One of the dead was a priest named Prakash Singh, who recently immigrated to the United States with his wife and two young children, Khalsa said.
Authorities have not formally released the names of the deceased.
The three people who were wounded remained in critical condition early Monday morning at Milwaukee's Froedtert Hospital.
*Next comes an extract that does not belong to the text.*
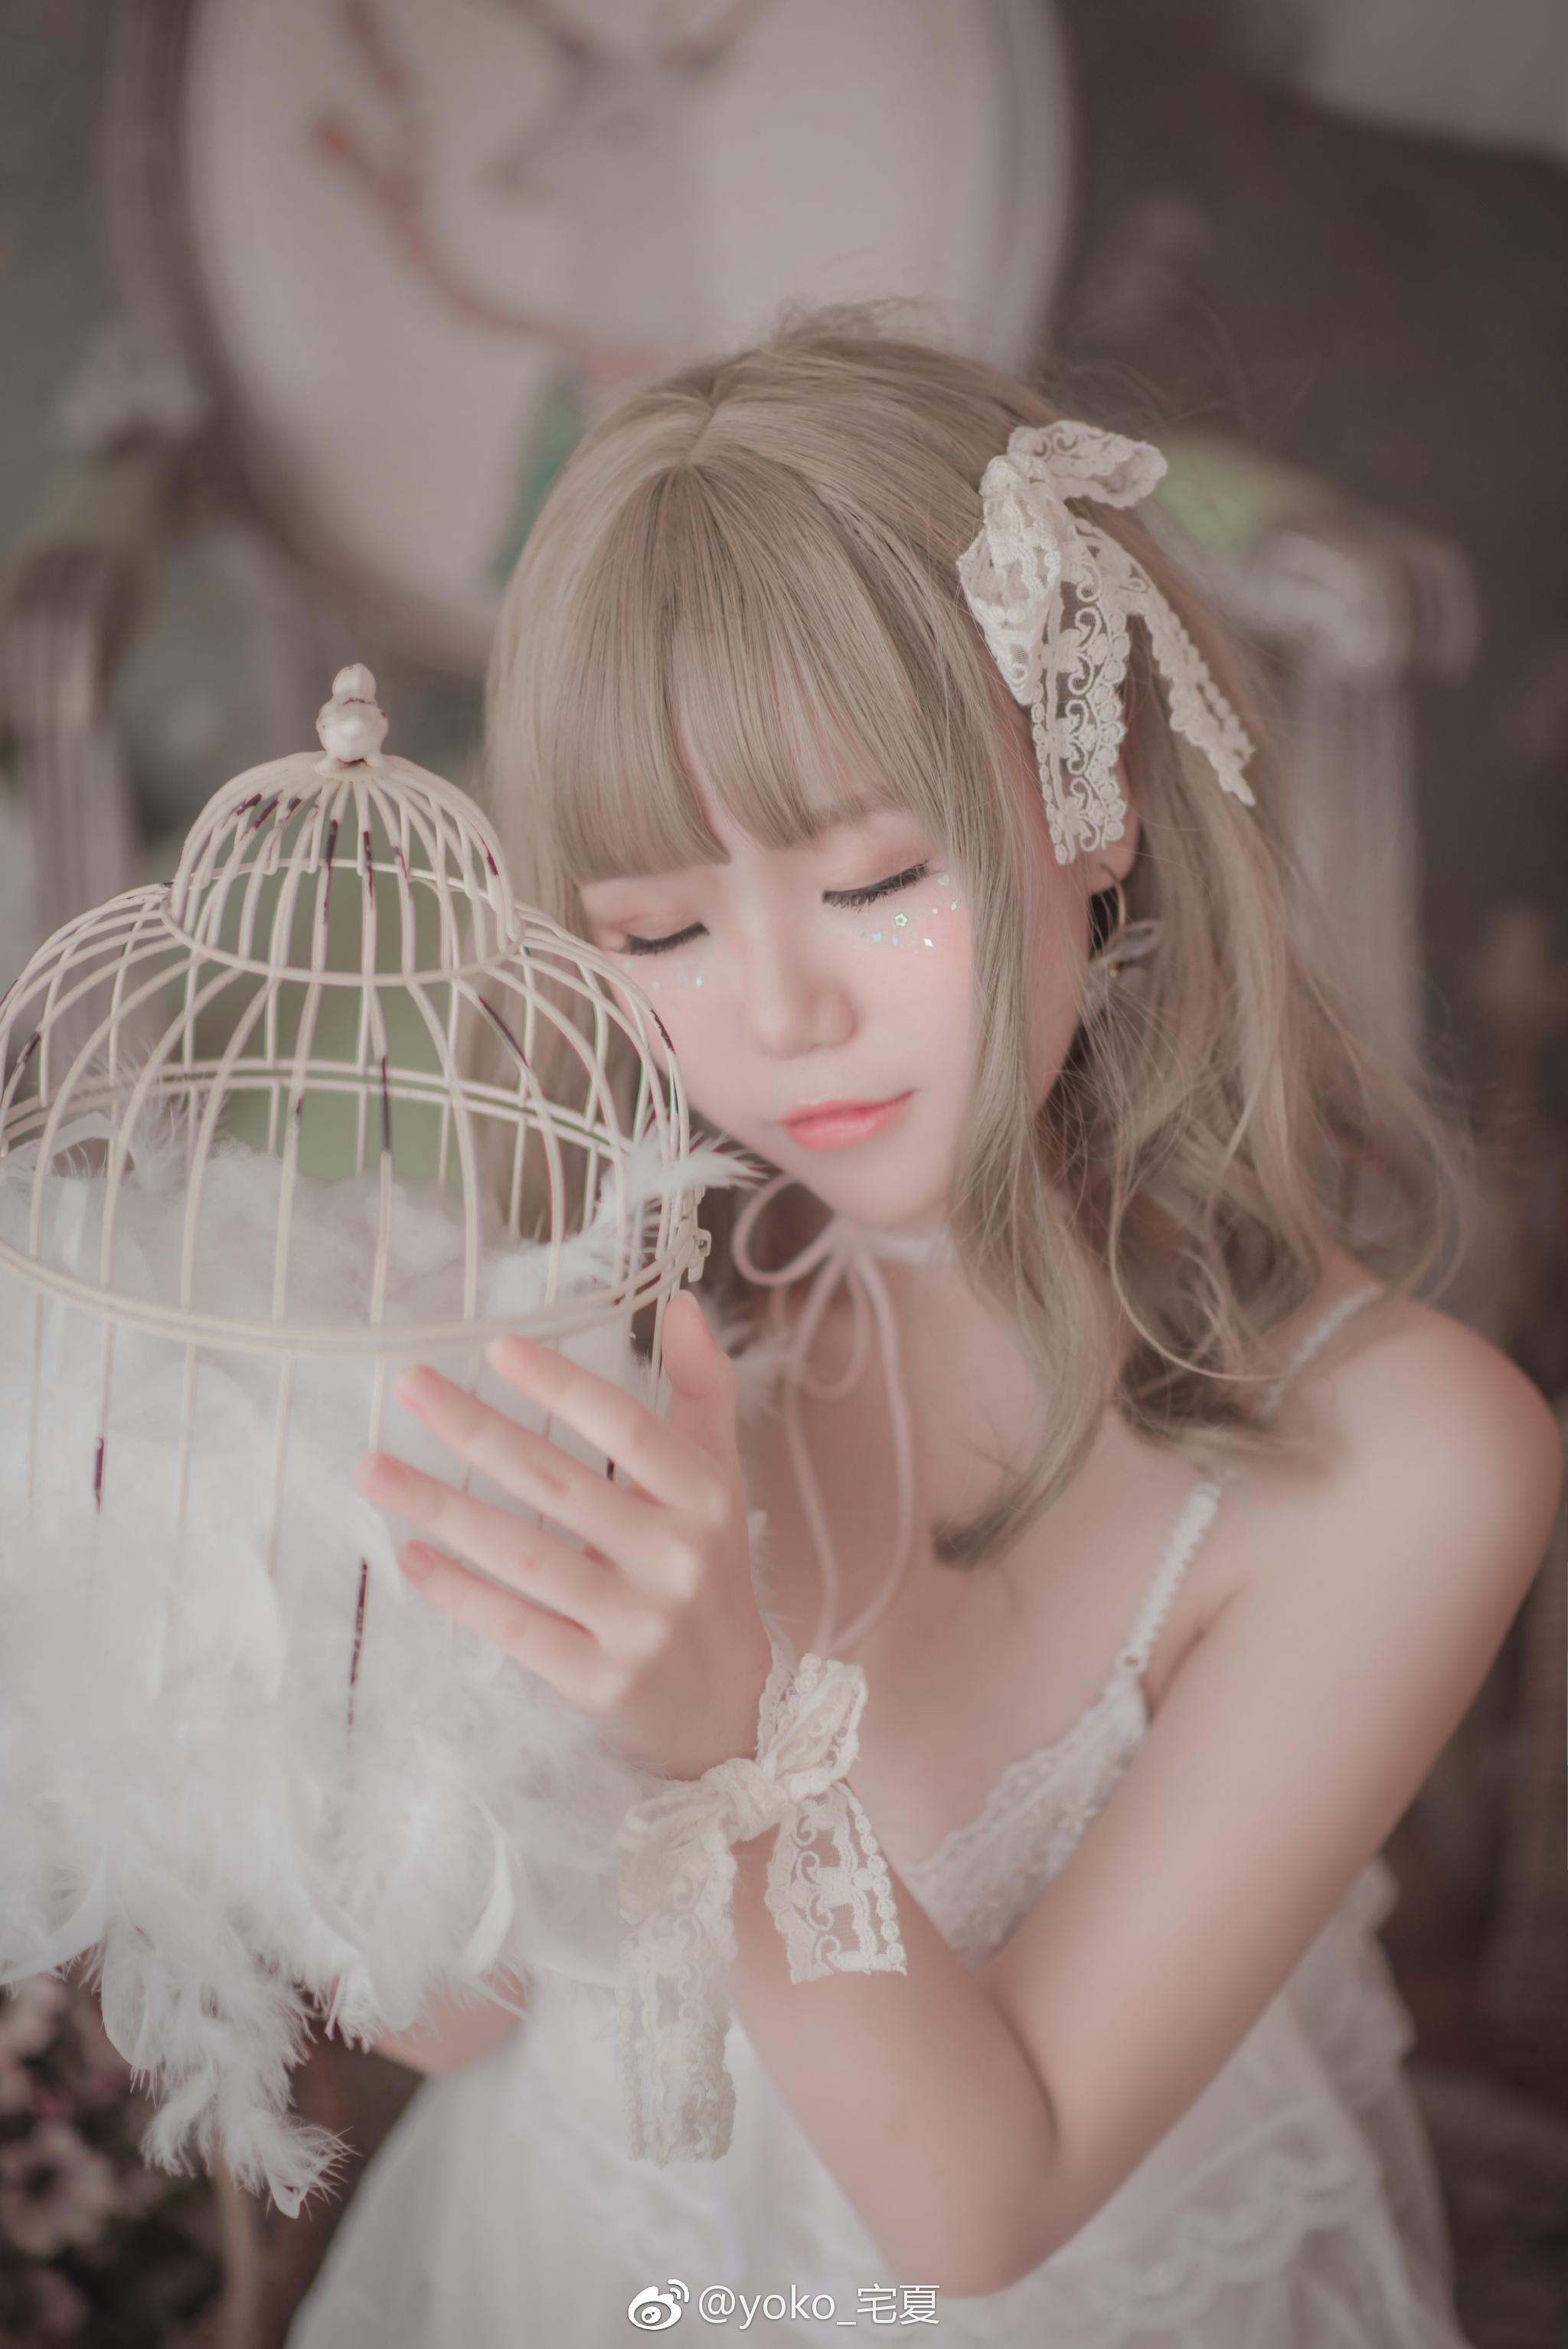 我想要一个这样的仙女!
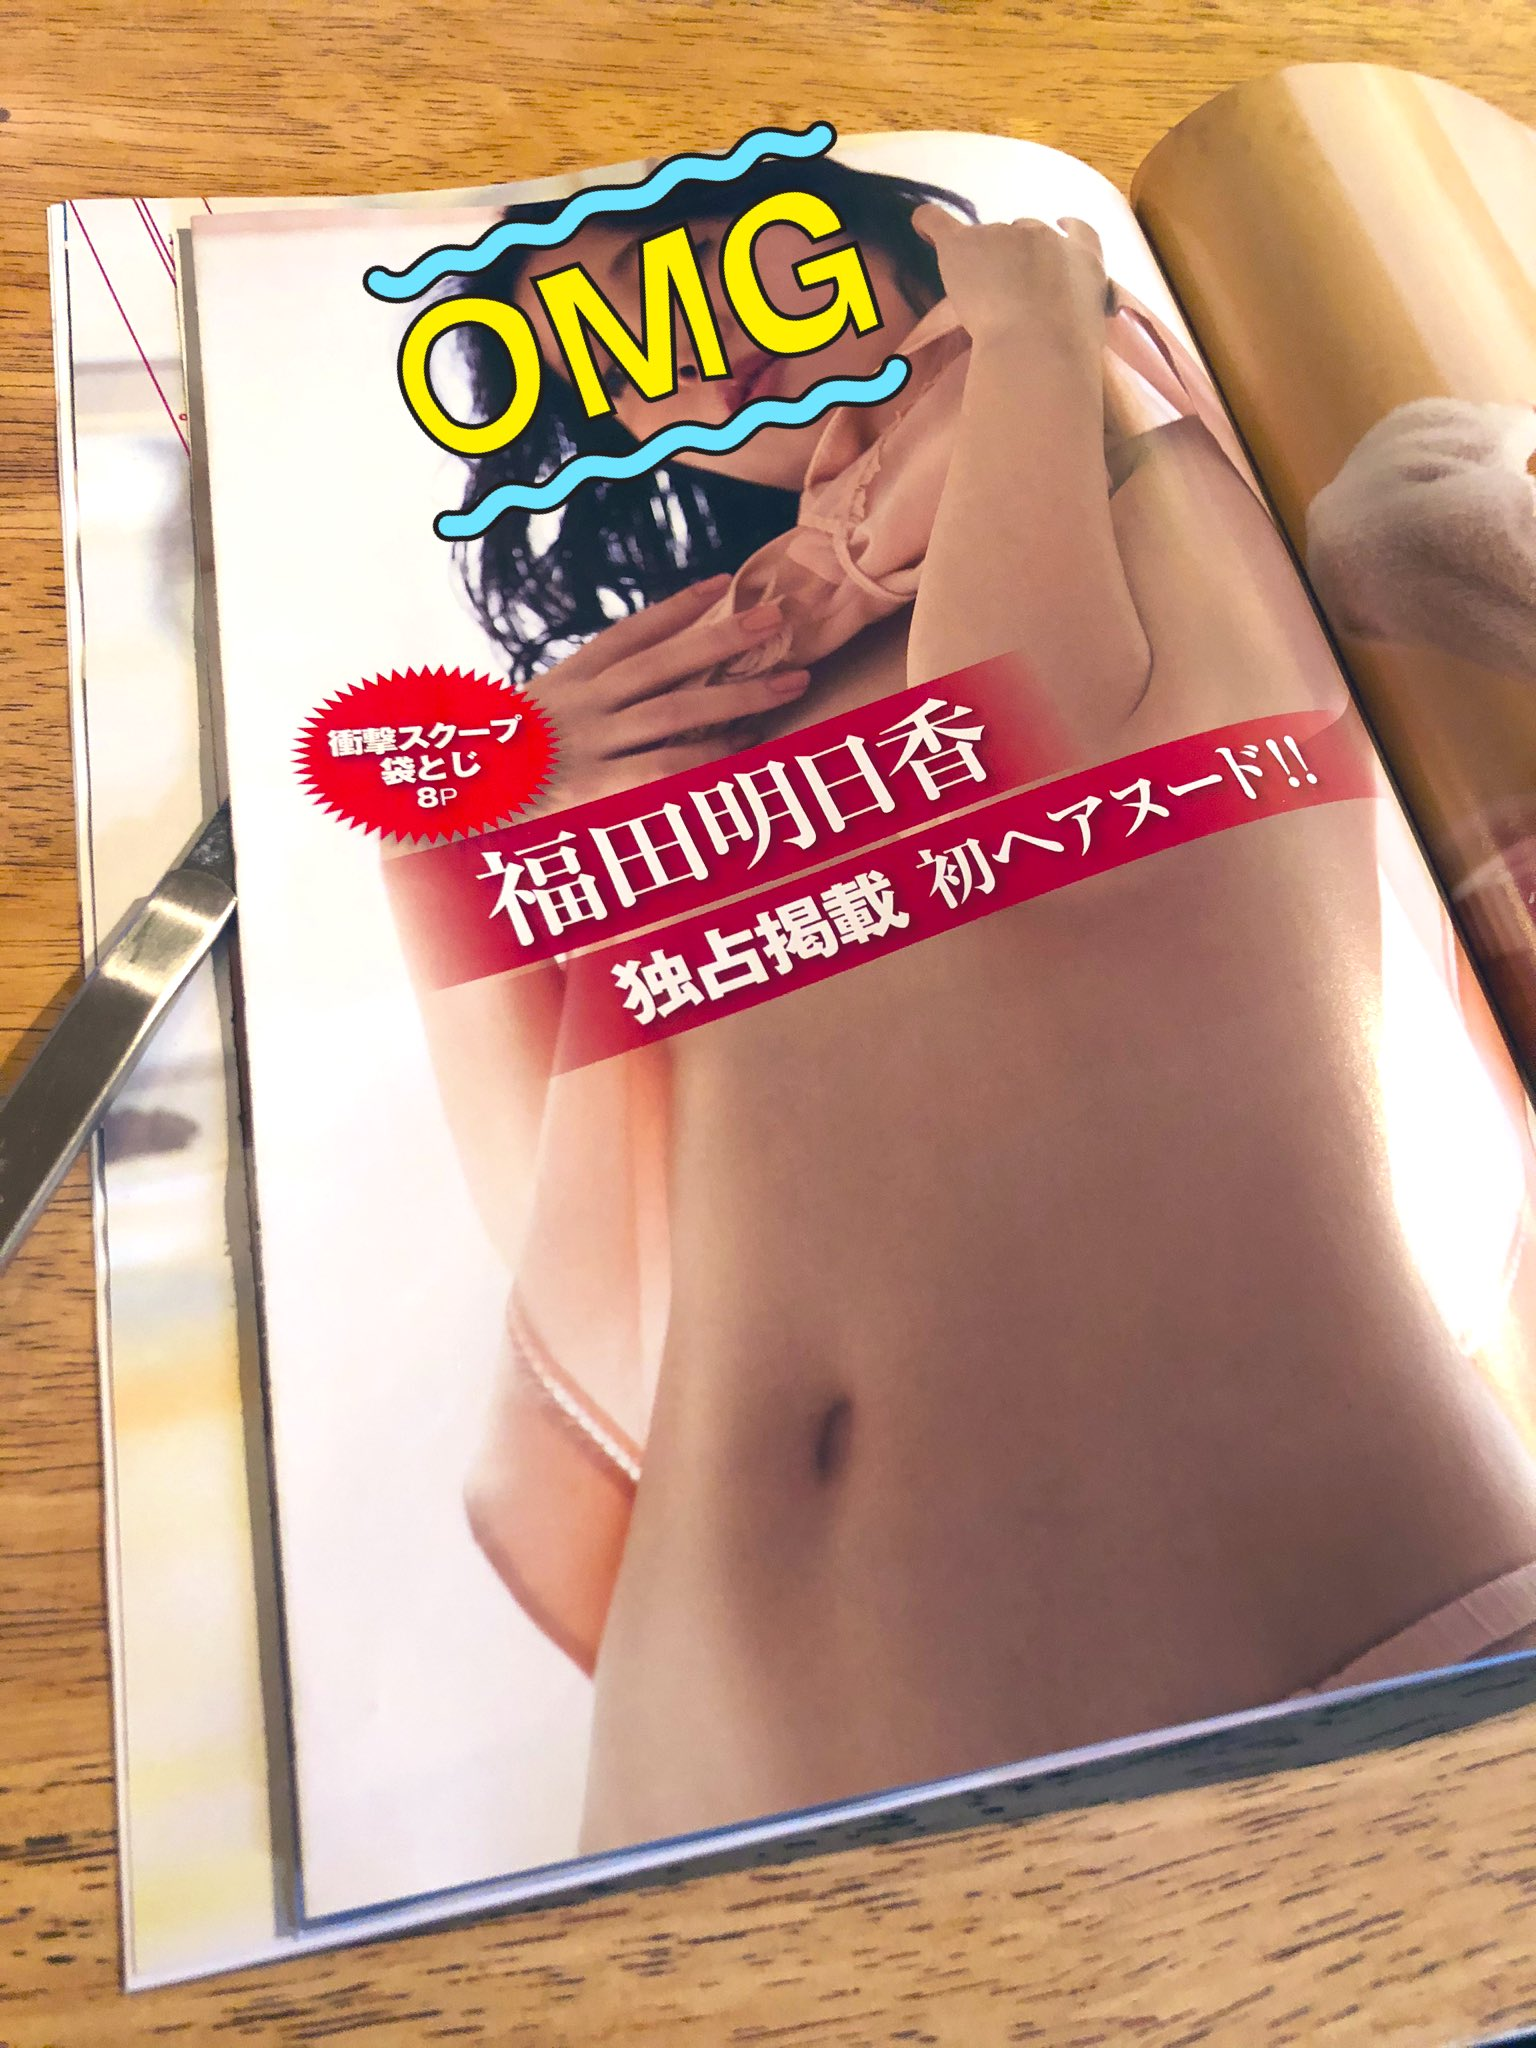 福田明日香ヘア画像 フライデー

One had been shot in the abdomen and chest, another in the face, and the third in the neck, the hospital said.
Meanwhile in India, the birthplace of Sikhism, Prime Minister Manmohan Singh said he was "shocked and saddened" by the shooting.
"That this senseless act of violence should be targeted at a place of religious worship is particularly painful," Singh, himself a Sikh, said Monday. "India stands in solidarity with all the peace-loving Americans who have condemned this violence."
The country's main Sikh political party, the Shiromani Akali Dal, held a demonstration in New Delhi's embassy district Monday to protest.
"Stop racial attacks on Sikhs," read one of the placards.
In an act of solidarity, U.S. Ambassador Nancy Powell visited a historic Sikh shrine in New Delhi, embassy spokesman Unni Menon said.
Sunday's attack occurred about 10:30 a.m., when temple members were reading scriptures and cooking food in preparation for the main Sunday service and community lunch. The temple has more than 350 members.
According to witnesses, the gunman started shooting in the parking lot, killing at least one person. He then entered the temple and continued firing, they said.
Women who were in the kitchen preparing meals for the congregants "were fortunate enough to basically duck down and dodge" the bullets, said Kanwardeep Singh Kaleka, the temple member.
Some ran to safety outside, others sought refuge in the temple's basement, while many huddled together tightly in the pantry.
The gunman shot and wounded the first officer to respond to the scene, Oak Creek Police Chief John Edwards said. A second officer returned fire, killing the shooter and bringing an end to the bloodshed, according to the chief.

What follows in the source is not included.